Amaninder Dhaliwal, MD1, Avanija Buddam, MD2, Saurabh Chandan, MD1, Ishfaq Bhat, MD1, Shailender Singh, MD1, Harlan Sayles, MS1, Derrick Antoniak, MD3, Alexander Hewlett, DO1, Fedja A. Rochling, MD, MBBCh1
1University of Nebraska Medical Center, Omaha, NE; 2Creighton University Medical Center, Omaha, NE; 3VA Nebraska-Western Iowa Health System, Omaha, NE
Introduction: Bowel preparation (BP) is one of the intra-procedural quality indicators. The percentage of poor BP leading to repeat colonoscopy in =or < 1 year should not exceed more than 15%. The challenge remains that before doing the colonoscopy, we cannot reliably predict, whether a BP will be adequate for a good quality examination? The aim of our study is to propose a model based on patient’s questionnaire that can identify patients with poor BP in pre-operative (pre-op) area prior to their colonoscopy
Methods: From November 2018 to May 2019, 461 consecutive patients of 18 years of age or older who presented to Veterans Affairs (VA) Nebraska-Western Iowa Health Care System for colonoscopy each completed a voluntary questionnaire in the pre-op prior to their colonoscopies. This study was approved by VA institutional review board (IRB#00163). Information was collected regarding gender, age, ethnicity, education level, first colonoscopy, days of BP, BP instructions, amount of BP completed, last solid meal, timing of last bowel movement (BM), travel time to VA, nausea/vomiting and abdominal pain/bloating while taking BP, Bristol stool scale and last BM stool character (A-clear liquid stool, B-turbid, C-soft stools). Information regarding the Boston bowel preparation scale (BBPS) was calculated during the colonoscopy. Accuracy of the model was measured by the area under ROC curve. Statistical analysis was performed using STATA version 14.2.
Results: 461 patients were included (94% males,92% Caucasians). BBPS score of 5 or greater was noted in 95% of the patients. We used a multivariable logistic regression model using most of the variables depicted in Table 1 to predict the outcome of a patient having a BBPS score of 5 or greater. Area under the ROC curve was 0.7675 (Fig1).
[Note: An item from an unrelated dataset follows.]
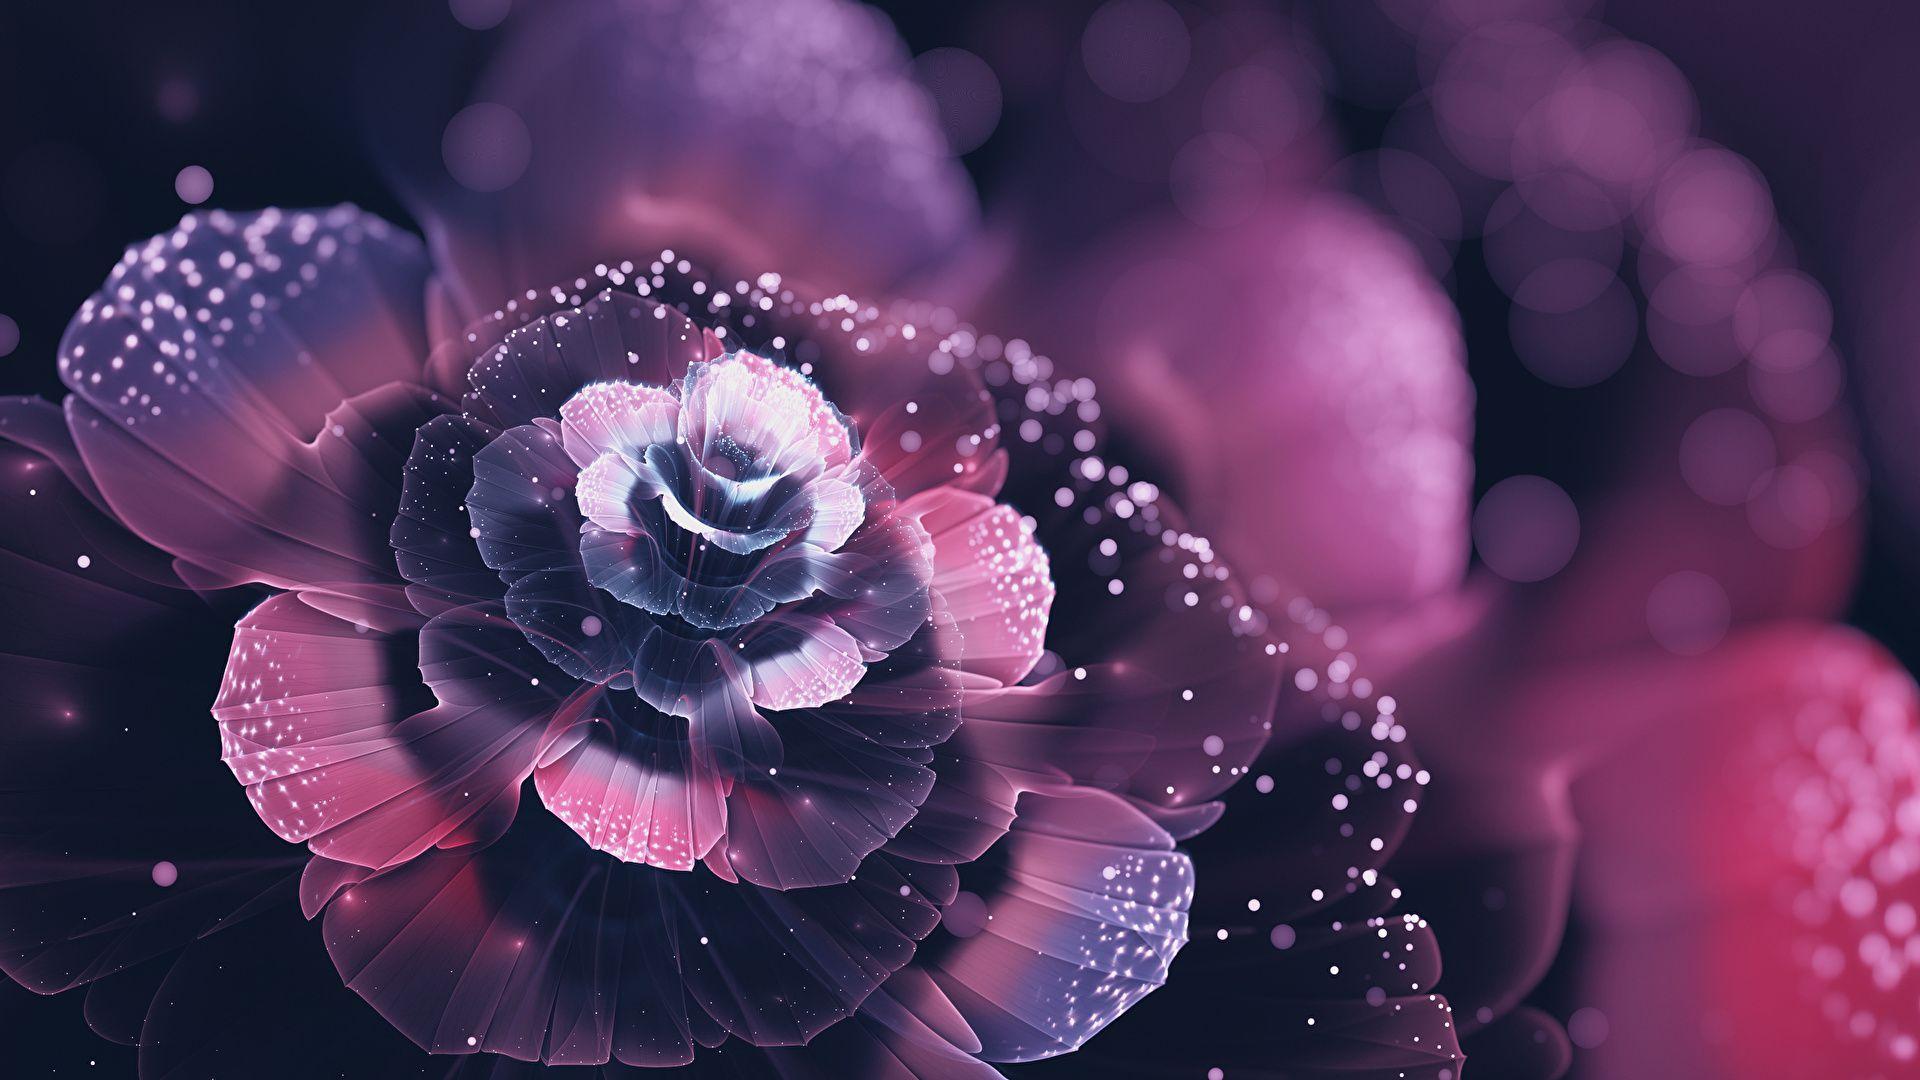 Fractal Flower Good Wallpaper

With a cut point for the predicted probability of having a Boston Prep Score of 5 or greater of >= 0.8935, we achieved a sensitivity of 87.4 % and a specificity of 50%. The coefficients included in the predicted model are depicted in Table 2.
Discussion: Our new bowel preparation prediction model to predict probability of having a BBPS of 5 or greater in pre-op area achieved sensitivity of 87.4% and specificity of 50% with area under ROC=0.7675. Only 5% of our patient population had BBPS < 5 which could explain the low specificity of our predicted model. Multi-center studies are needed to further validate our model.
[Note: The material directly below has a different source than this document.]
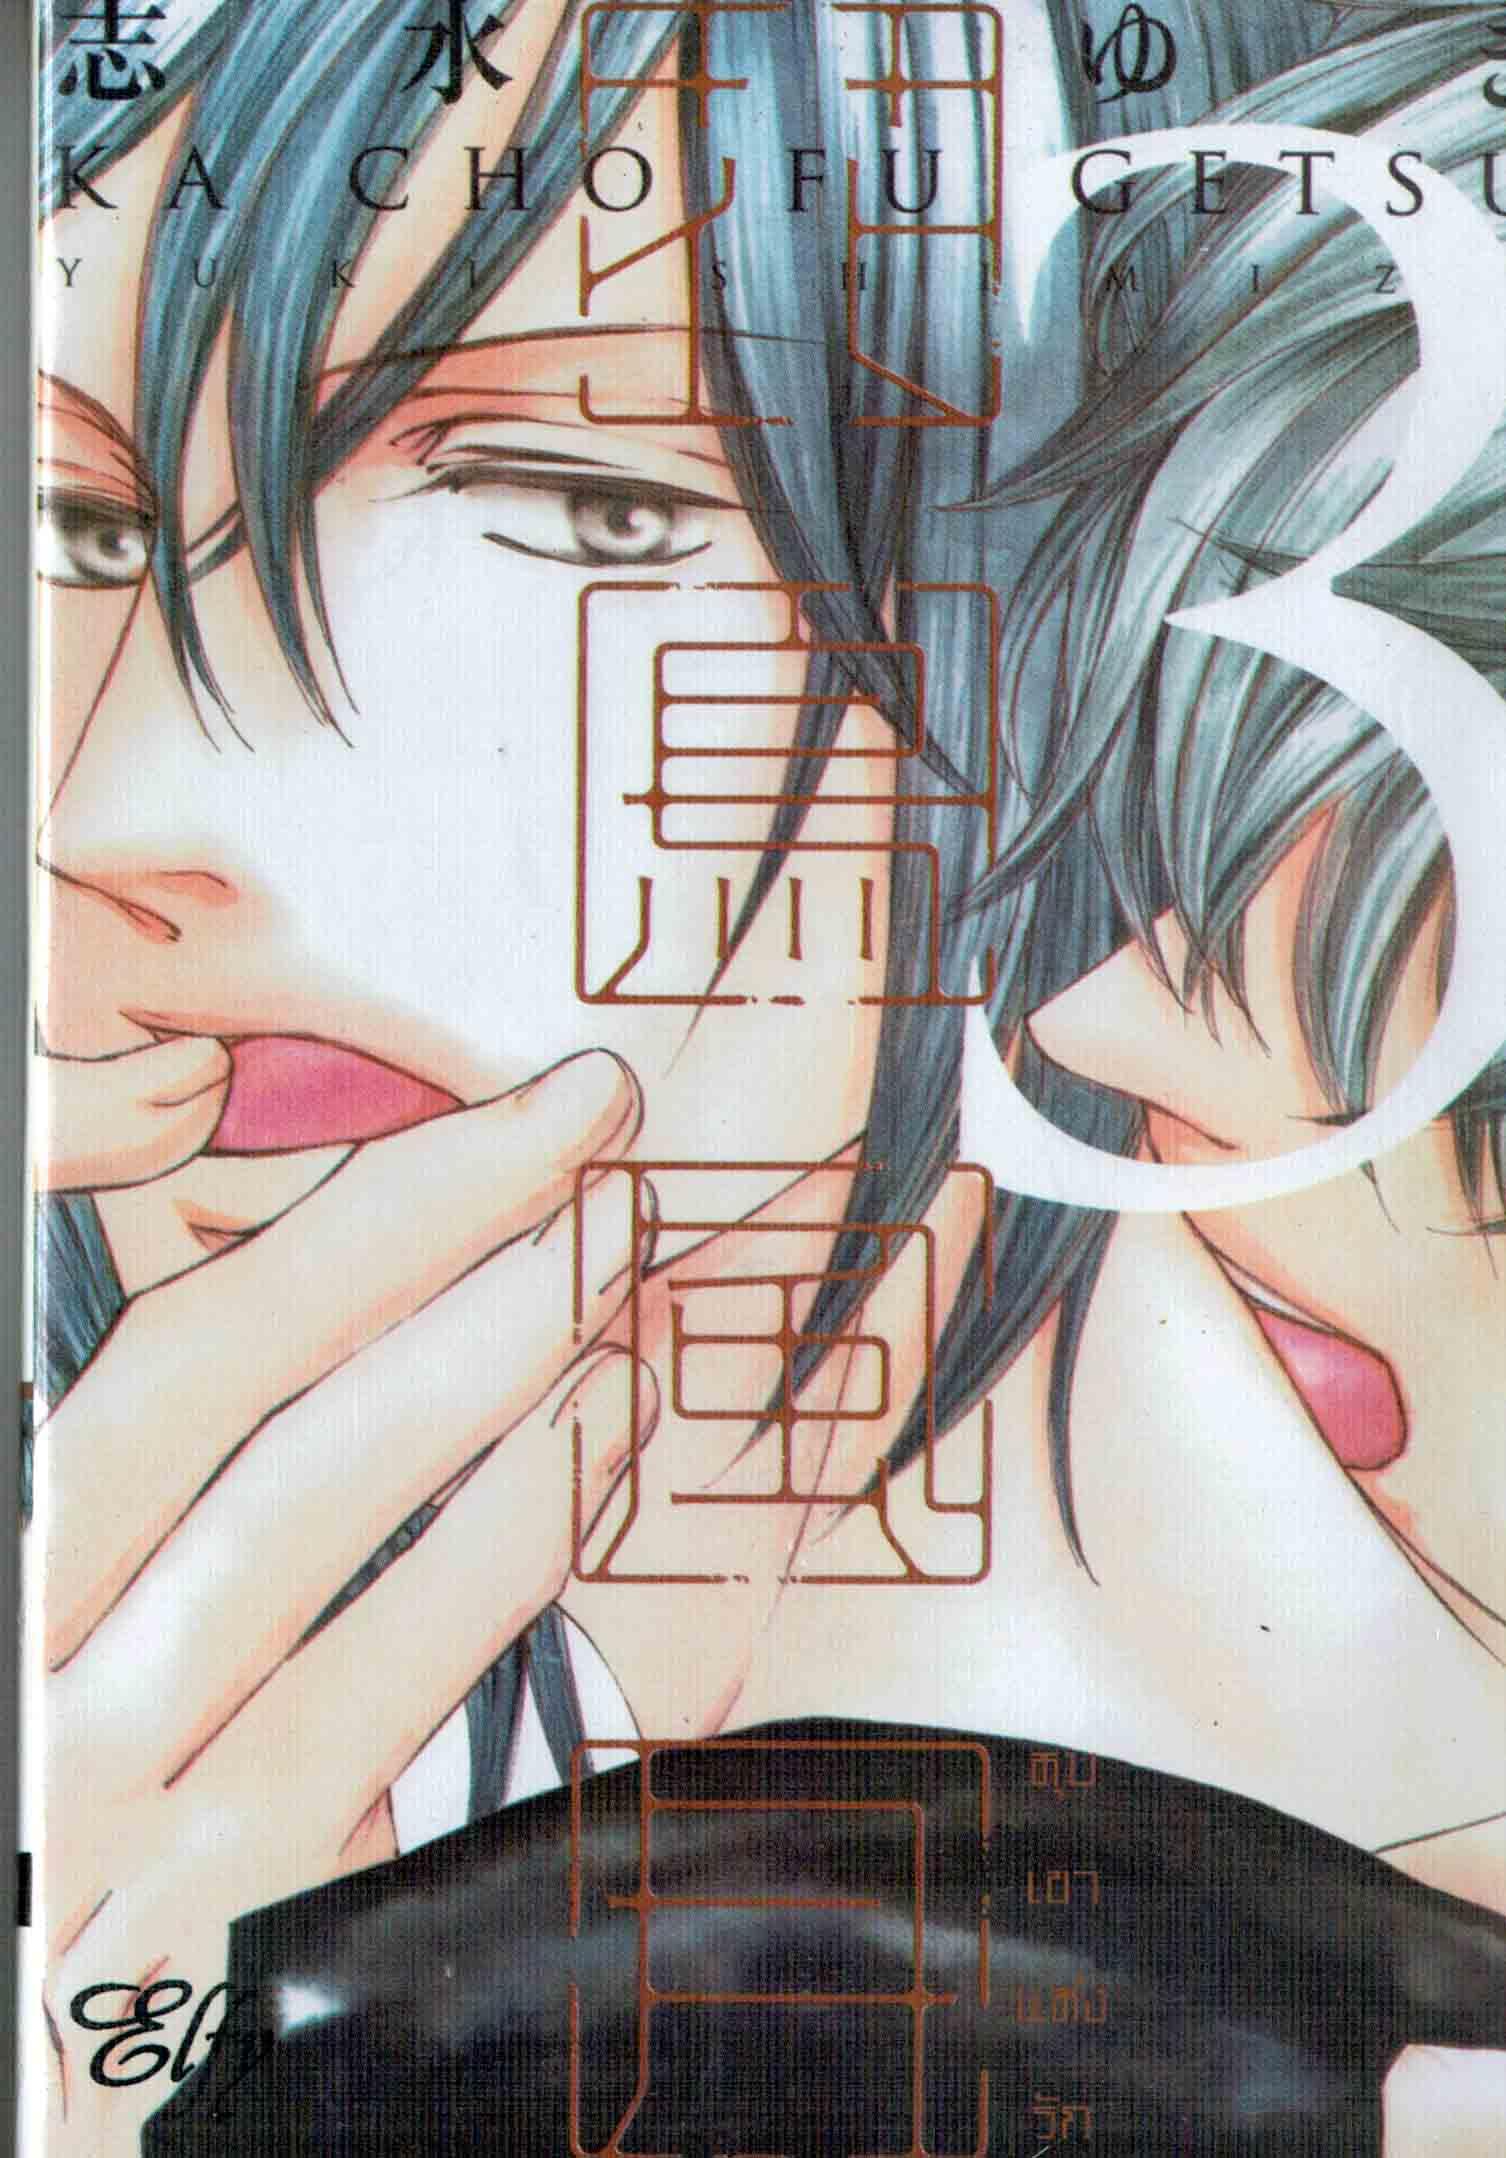 หุบเขาแห่งรัก 3 - Yuki ShiMiZu

Citation: Amaninder Dhaliwal, MD; Avanija Buddam, MD; Saurabh Chandan, MD; Ishfaq Bhat, MD; Shailender Singh, MD; Harlan Sayles, MS; Derrick Antoniak, MD; Alexander Hewlett, DO; Fedja A. Rochling, MD, MBBCh. P1012 - DEVELOPMENT OF A NEW BOWEL PREPARATION PREDICTION MODEL BASED ON PATIENT’S QUESTIONNAIRE: TO PROCEED OR NOT TO PROCEED WITH COLONOSCOPY? A STUDY FROM VETERANS AFFAIRS HOSPITAL TO STRATIFY HIGH RISK POPULATION. Program No. P1012. ACG 2019 Annual Scientific Meeting Abstracts. San Antonio, Texas: American College of Gastroenterology.